TASK PROMPT — Transcribe the data as written, minus images.

RAW DATA —
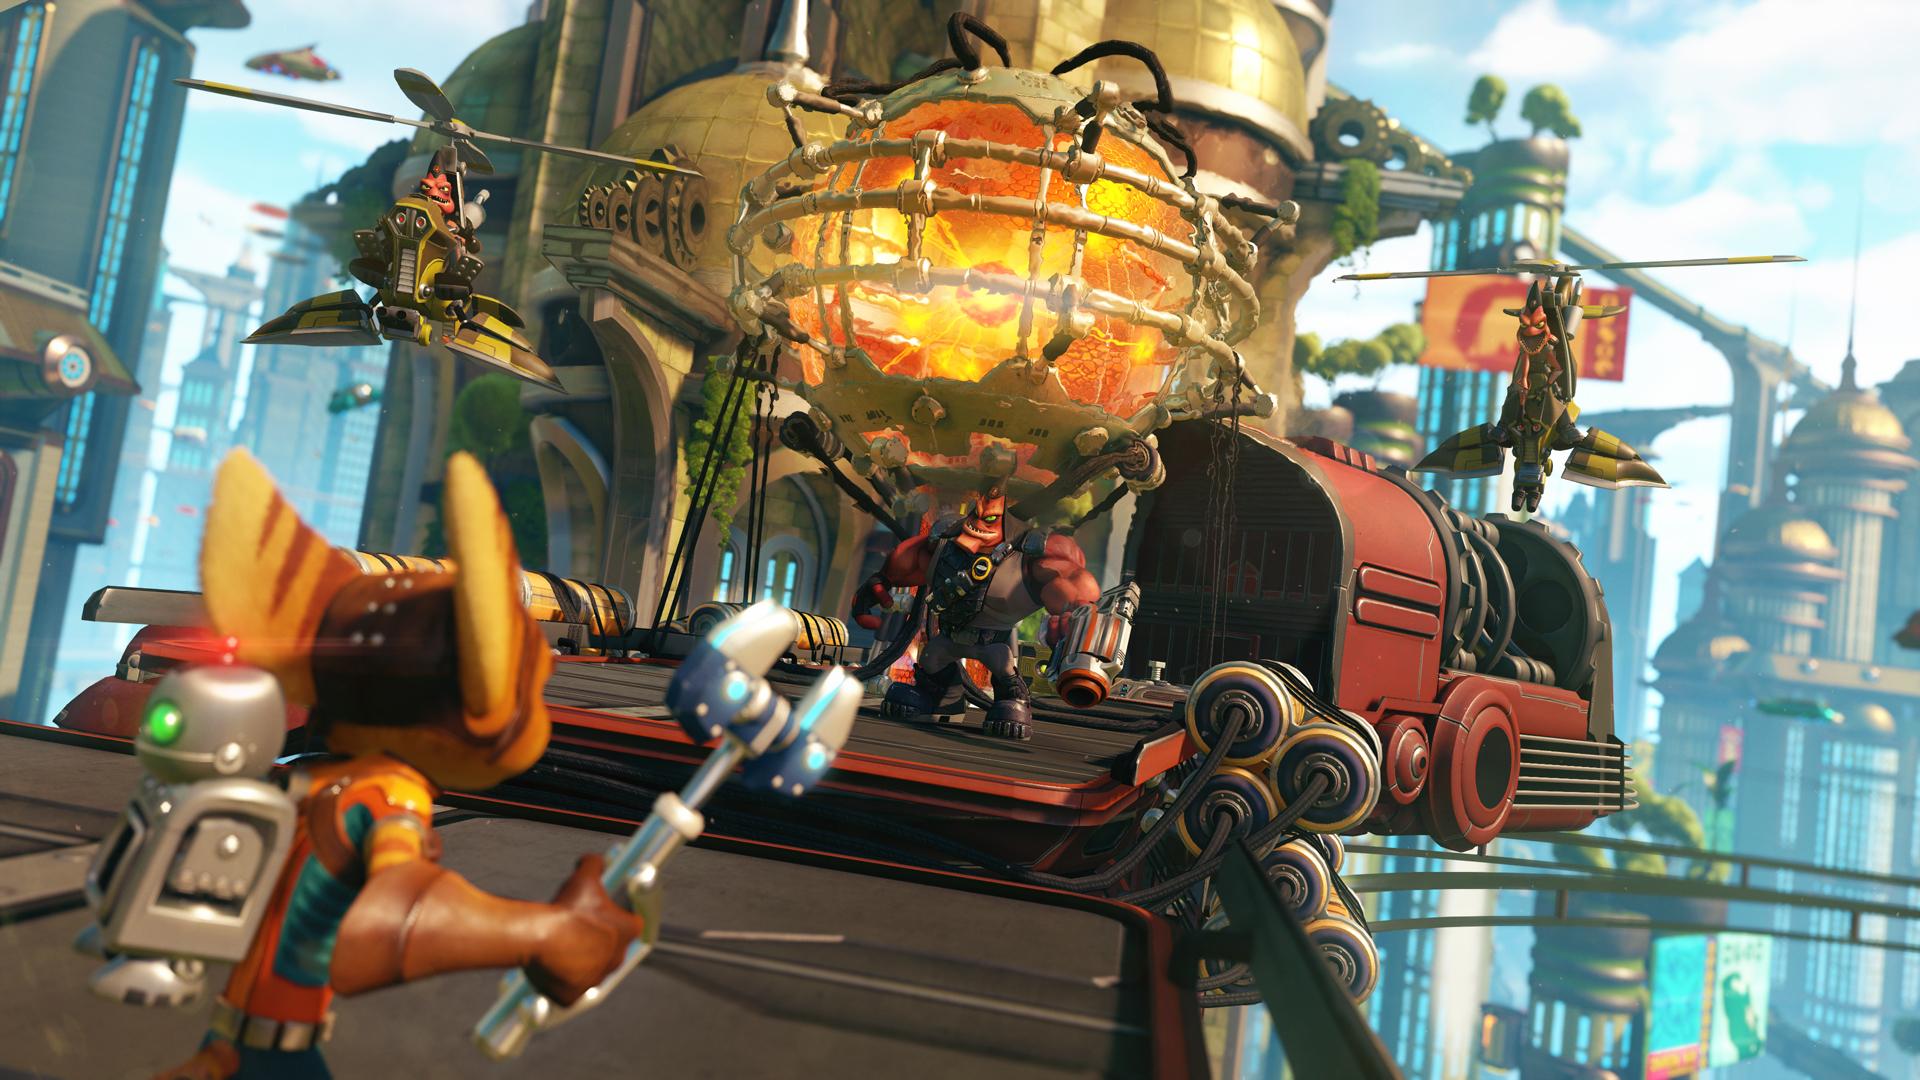 Ratchet & Clank PS4 Screenshot 3
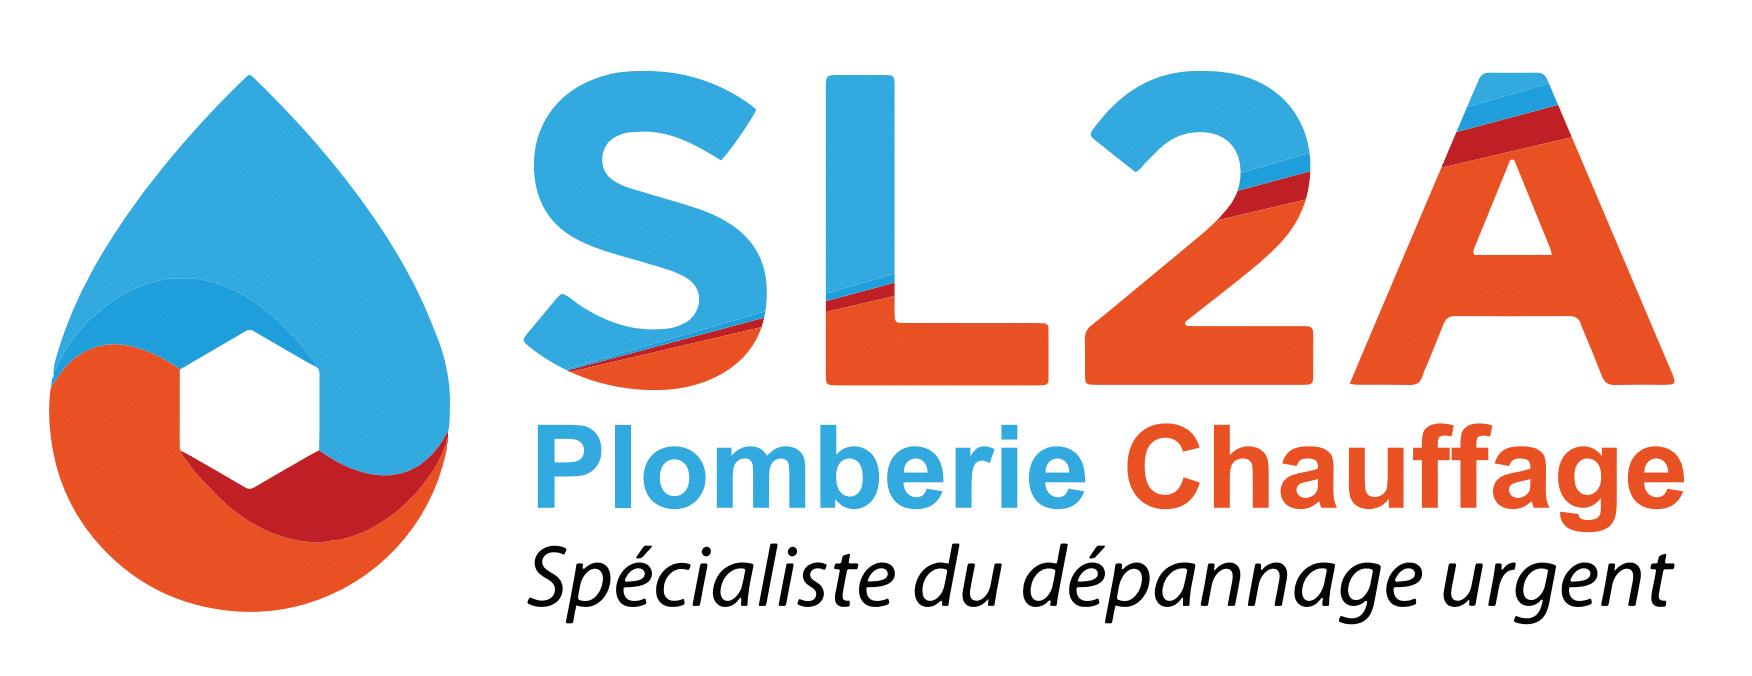 SL2A Plomberie et Chauffage
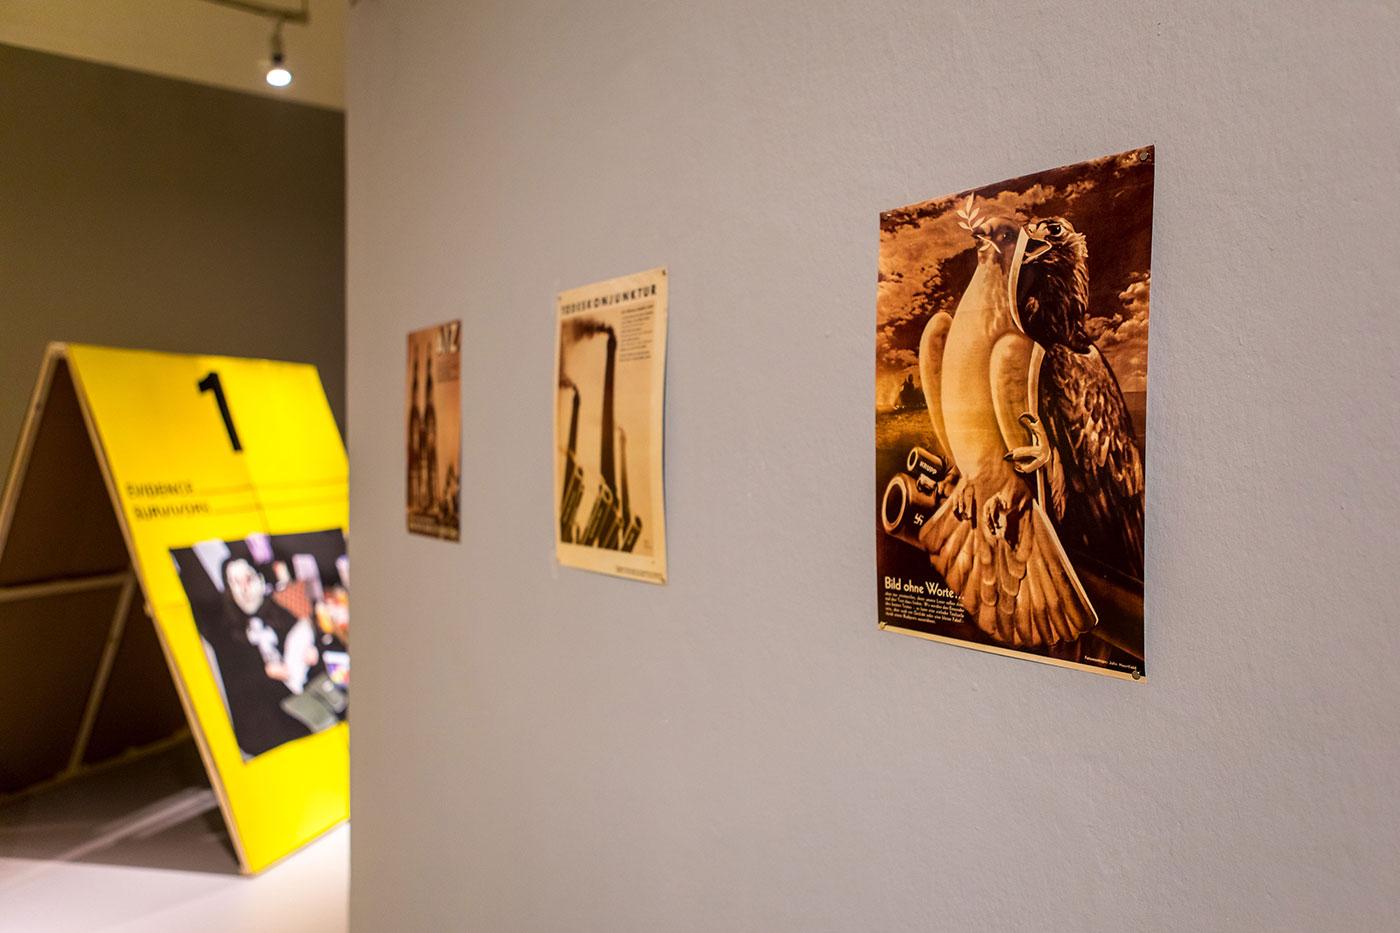 Ausstellungsansicht »Up in Arms«, Kunstraum Kreuzberg/Bethanien 2019, Photo: Julian van Dieken

YOUR SOLUTION —
 Ratchet & Clank PS4 Screenshot 3
 SL2A Plomberie et Chauffage
 Ausstellungsansicht »Up in Arms«, Kunstraum Kreuzberg/Bethanien 2019, Photo: Julian van Dieken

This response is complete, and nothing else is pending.